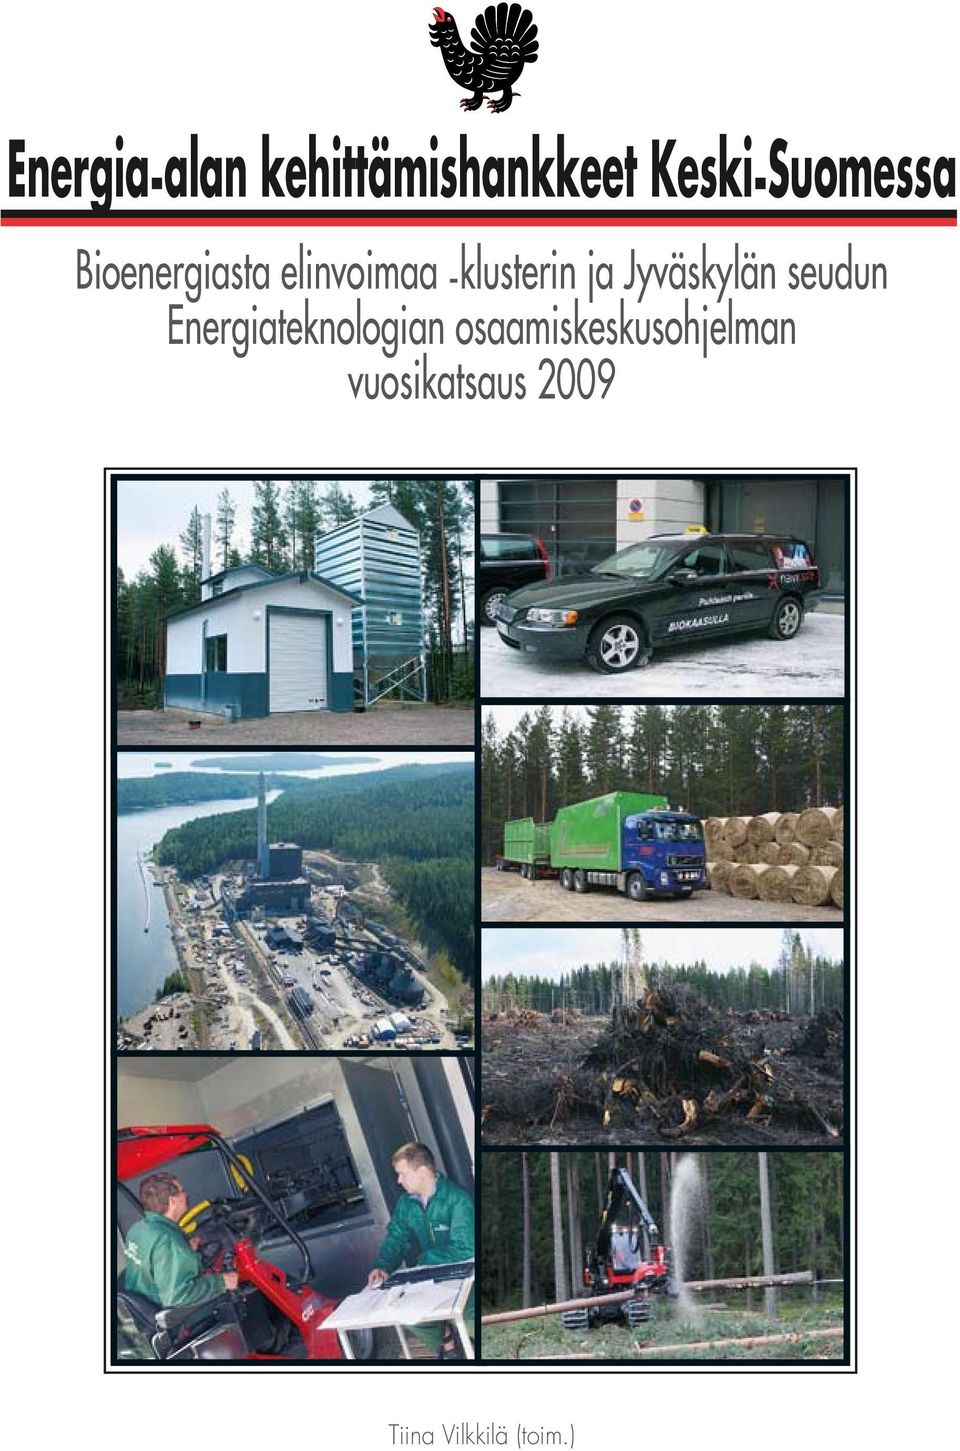 ja Jyväskylän seudun Energiateknologian
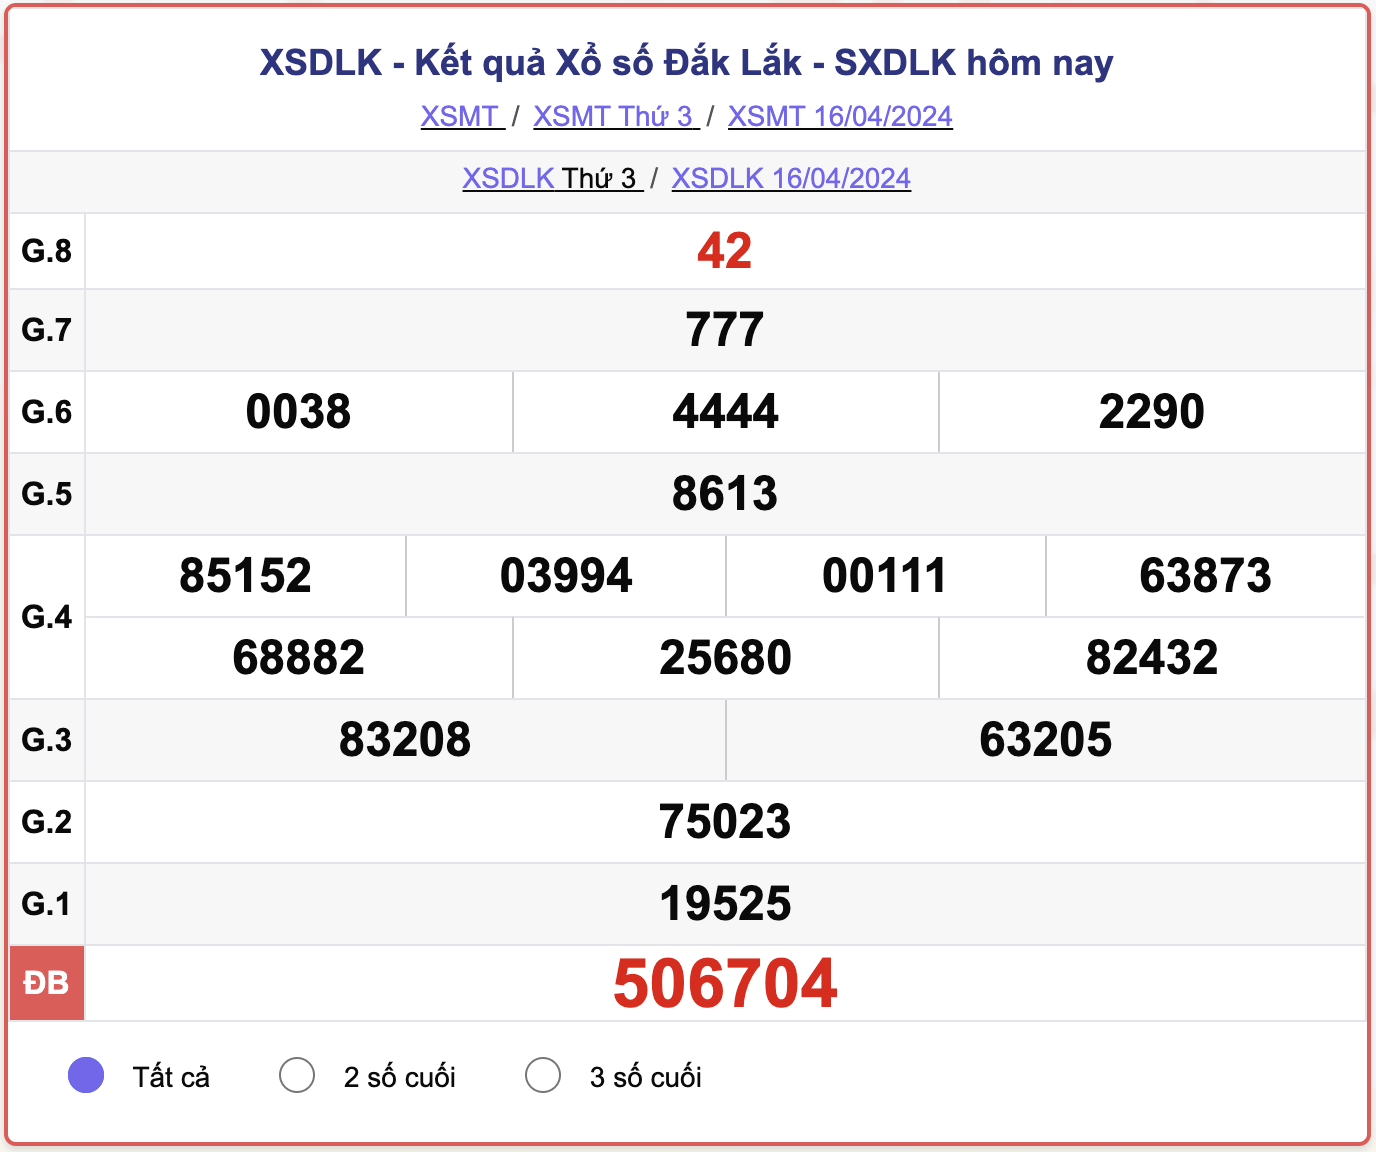 XSDLK thứ 3, kết quả xổ số Đắk Lắk ngày 16/4/2024.
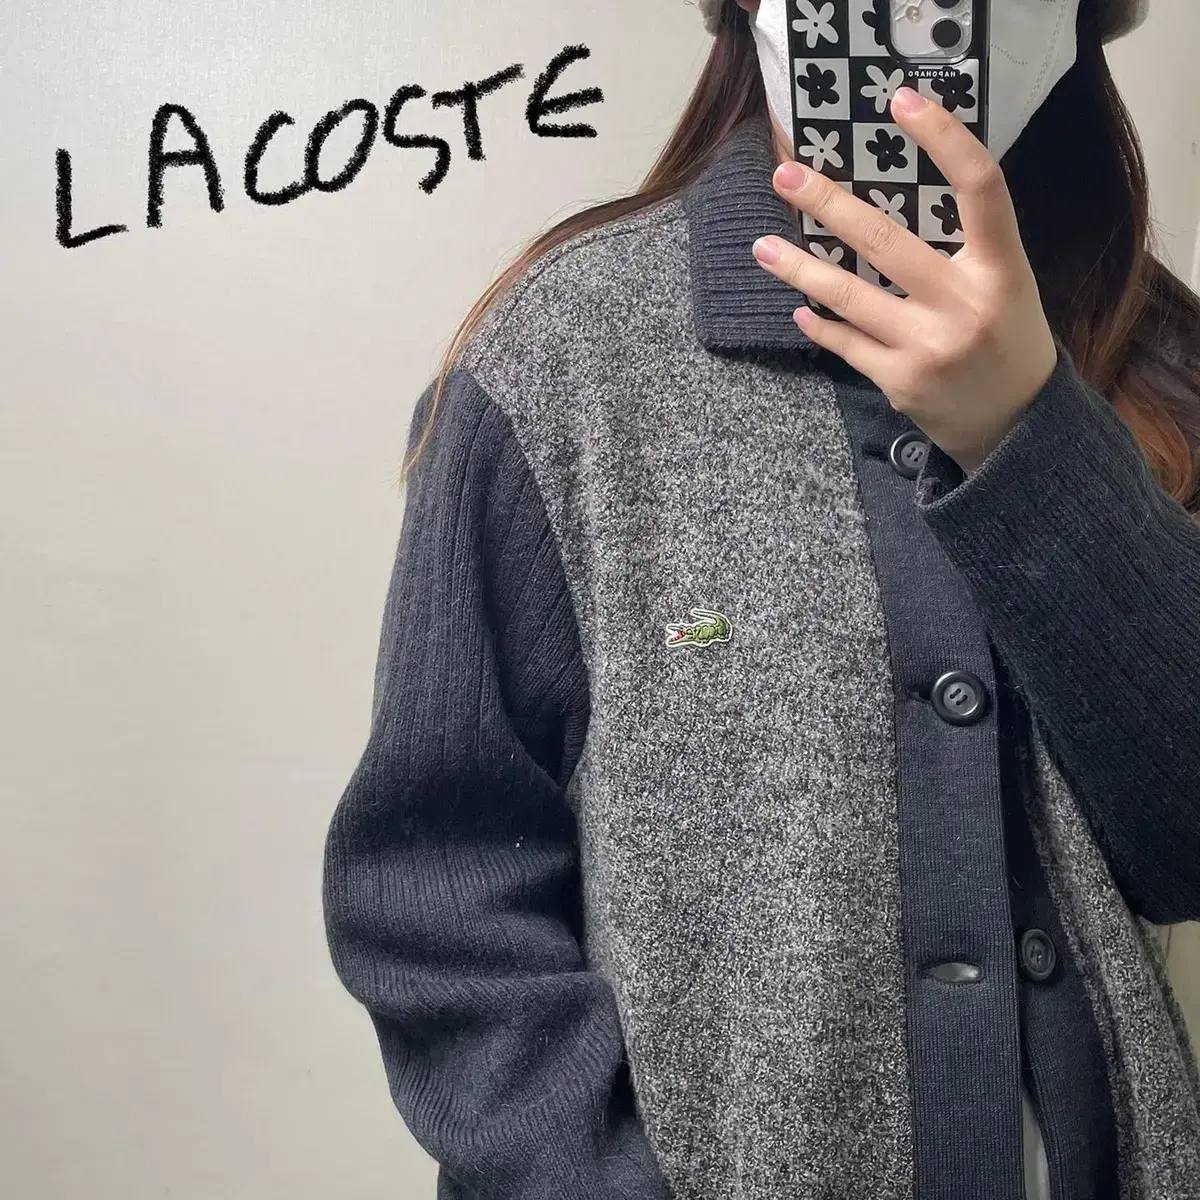 라코스테 / 라코스테 가디건 / 라코스테 스웨터 / 빈티지샵 | 브랜드 중고거래 플랫폼, 번개장터
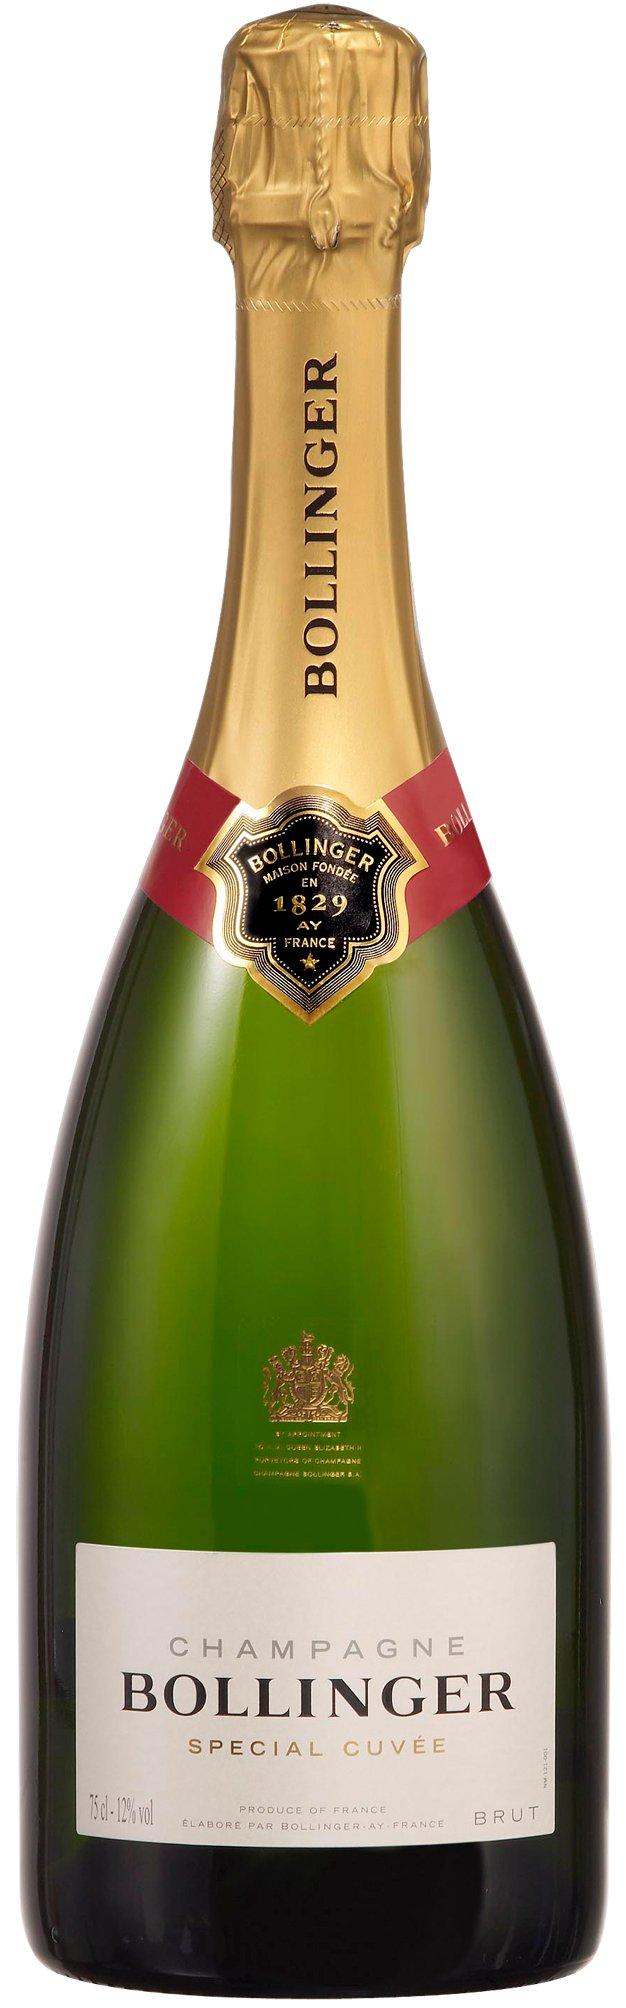 Champagne Bollinger Bollinger Special Cuvée Champagne Brut, Champagne AOC
════════
Directions:
Copy the final stretch of lines, starting at the one that holds "XSDLK thứ 3, kết" and ending at the last line of the data, exactly; omit pictures.

Completed exercise:
 XSDLK thứ 3, kết quả xổ số Đắk Lắk ngày 16/4/2024.
 라코스테 / 라코스테 가디건 / 라코스테 스웨터 / 빈티지샵 | 브랜드 중고거래 플랫폼, 번개장터
 Champagne Bollinger Bollinger Special Cuvée Champagne Brut, Champagne AOC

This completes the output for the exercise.